ACTIVITY: Keep the pictures out. Copy every line of the listing exactly.

DATASET EXTRACT:

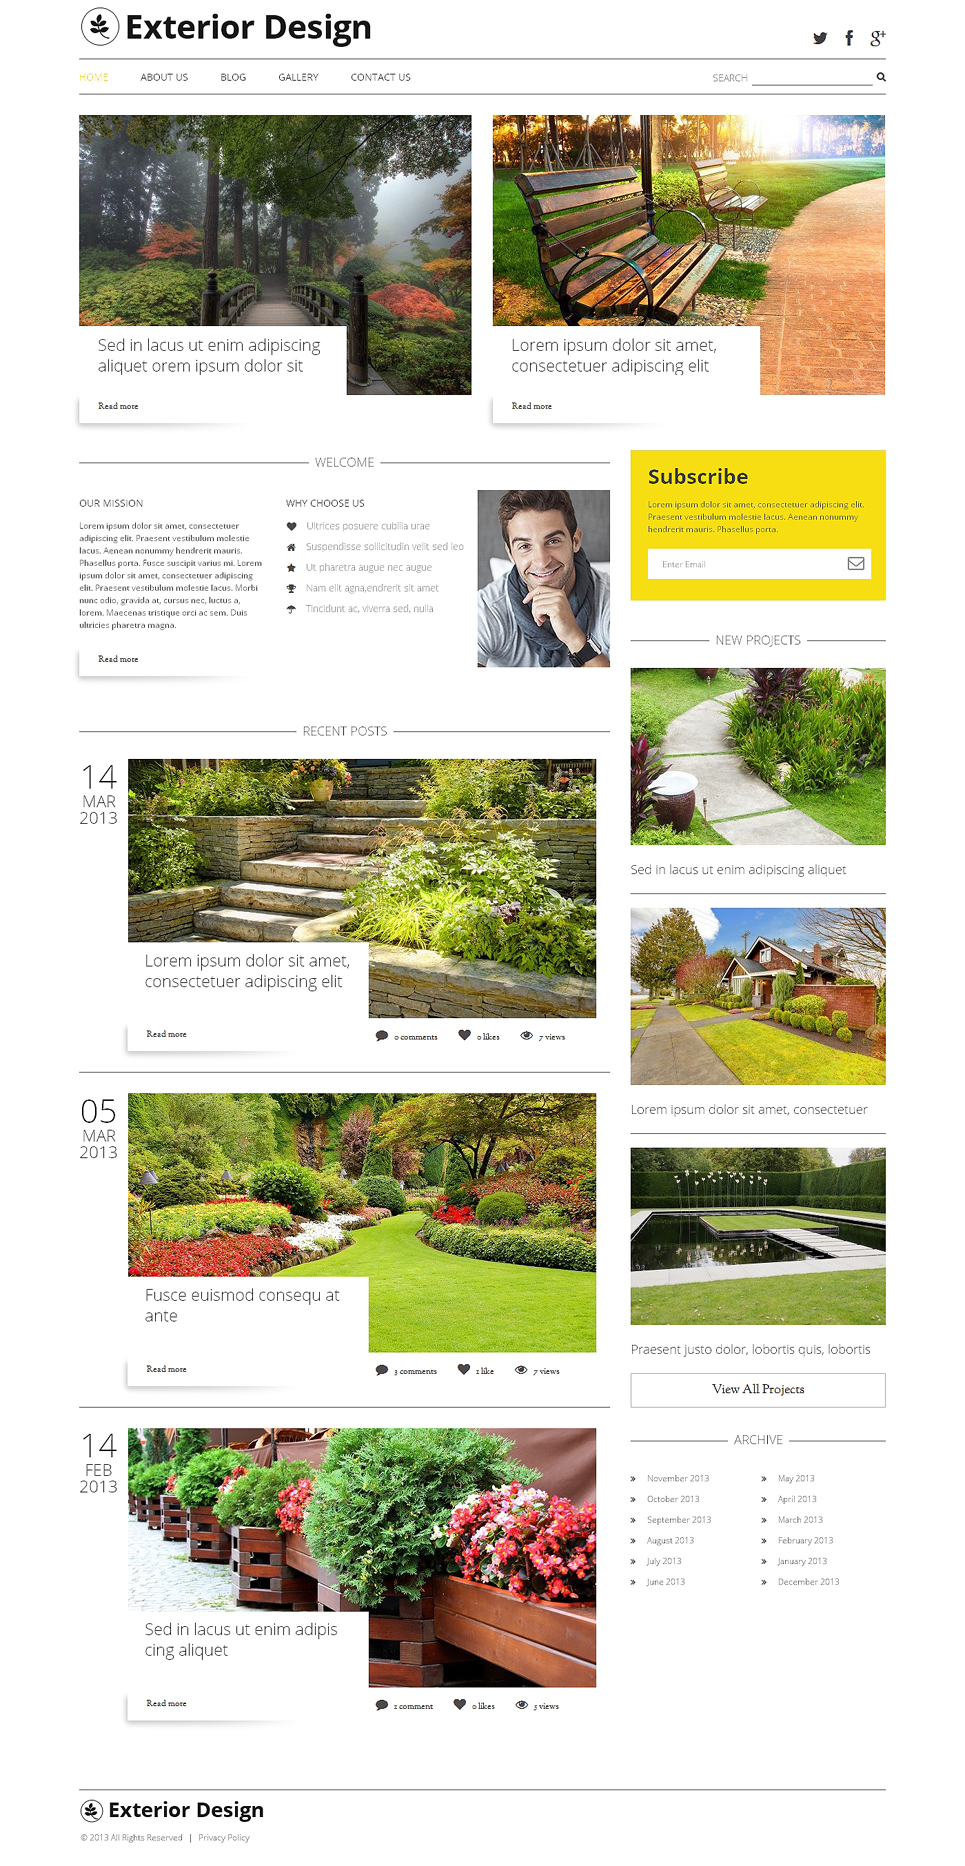 Exterior Design Blog WordPress Theme
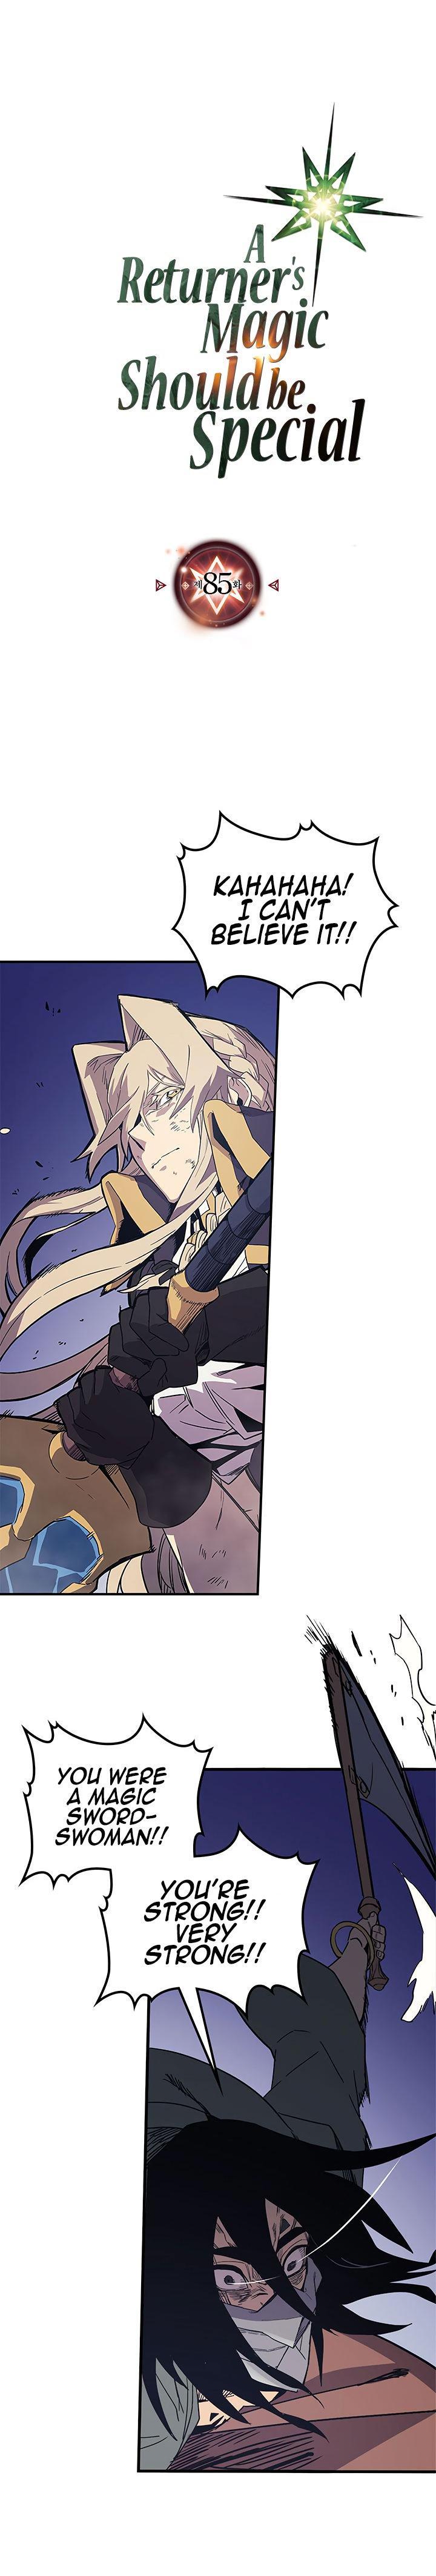 A Returner's Magic Should Be Special Chapter 85 page 1 - Mangakakalots.com
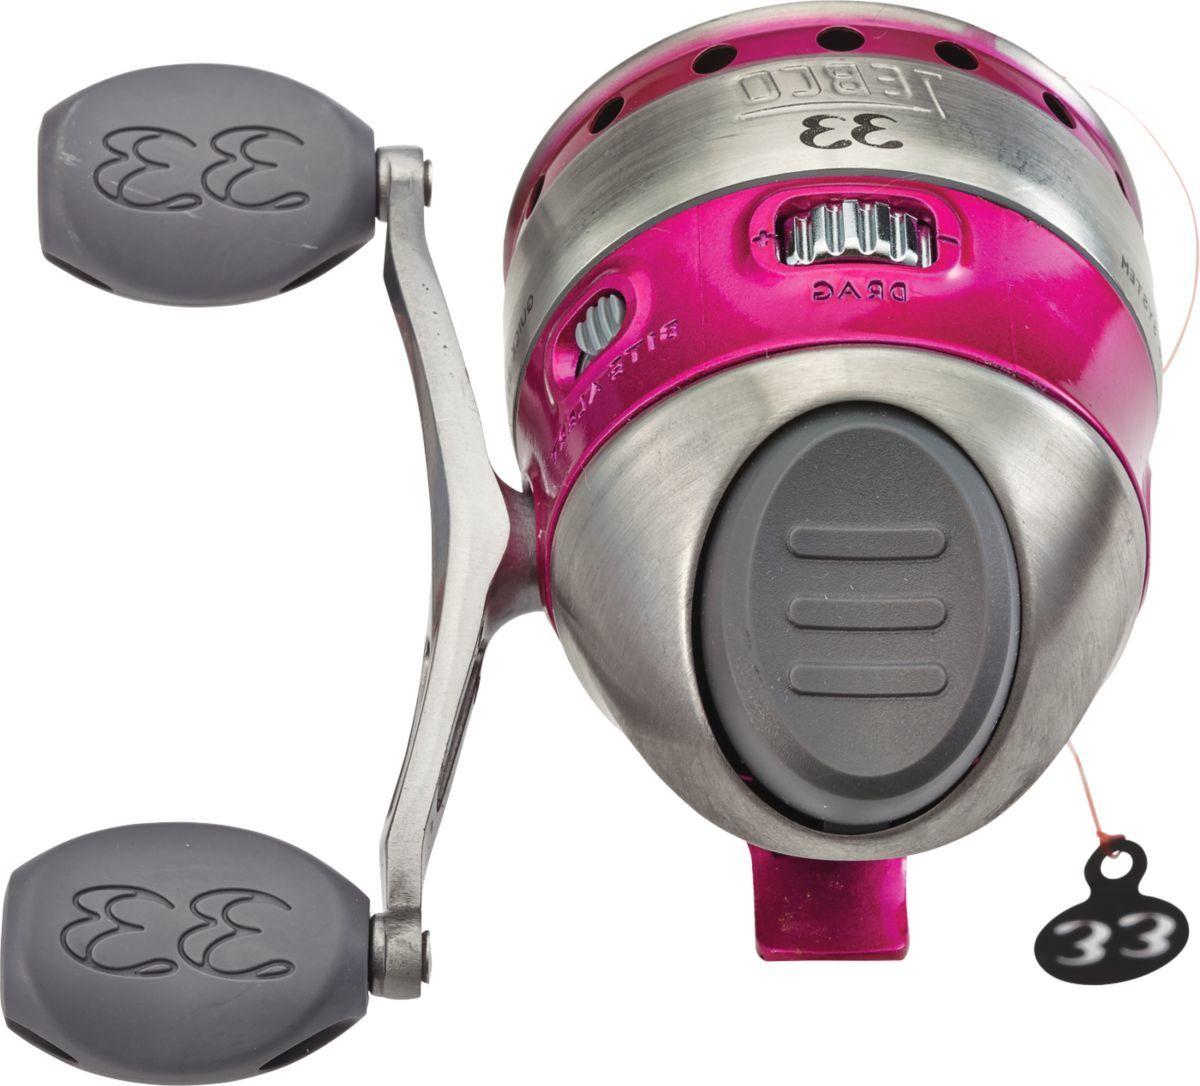 Zebco® Authentic 33 Ladies Spincast Reel

EXPECTED ANSWER:
 Exterior Design Blog WordPress Theme
 A Returner's Magic Should Be Special Chapter 85 page 1 - Mangakakalots.com
 Zebco® Authentic 33 Ladies Spincast Reel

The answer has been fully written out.